Matt Peasley gently seized J. O. Heyfuss by the ear and led him to the door.

“Out, thief!” he cried. “You can't sell us anything; so we don't want you hanging round this office. You might steal the safe or a roll-top desk, or something.”

Heyfuss departed, laughing good-naturedly, and Matt Peasley turned to confront Cappy Ricks. The latter had shrunk up in his chair and was looking as chopfallen and guilty as a dog caught sucking eggs. He favored his big son-in-law with a quick, shifty glance, and then looked down at the carpet.

Matt folded his arms and stared at him until he looked up.

“Don't you go to pick on me!” he warned Matt furiously. “I'll not be picked on in my own office, even by a relative.”

Matt threw back his head and chanted,

“I was right!” Cappy shrilled. “My mode of procedure was without a flaw.”

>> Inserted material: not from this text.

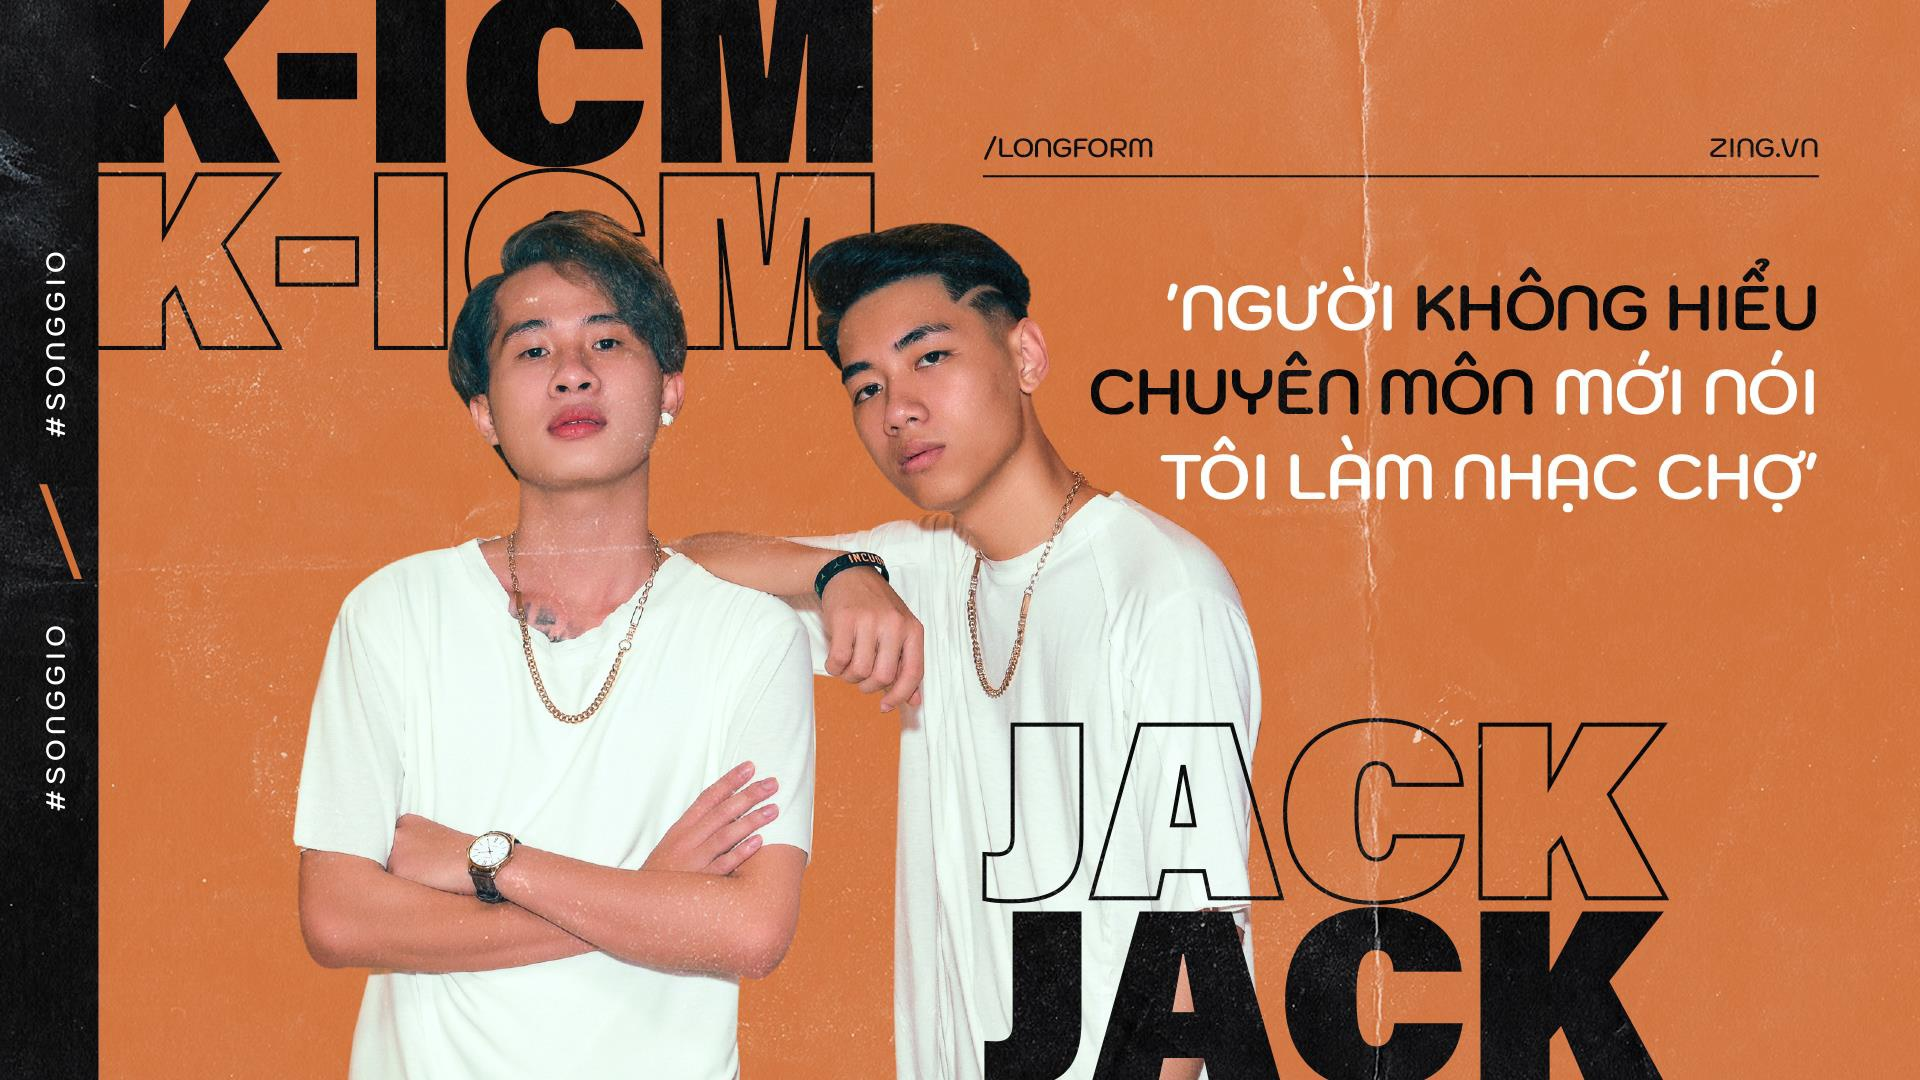 Jack - K-ICM: 'Khong hieu chuyen mon moi noi Song gio la nhac cho' hinh anh 2

“Absolutely! The operation was a success, but the patient died.”

“But a feller just has to haggle!” Cappy wailed. He was almost on the verge of tears. “It's the basic principle of all trading. Why, I've made my everlasting fortune by haggling. Drat your picture, don't you know that the very pillars of financial success rest on counter-propositions?”

“Listen, relative, listen: I haven't said a word to you, have I?” Matt replied.

“No; but you looked it, and I'll not be looked at.”

“All right, Cappy, I'll not look. But I can't help thinking.”

“Thinking what?”

“That it's about time you quit talking about retiring—and retired!”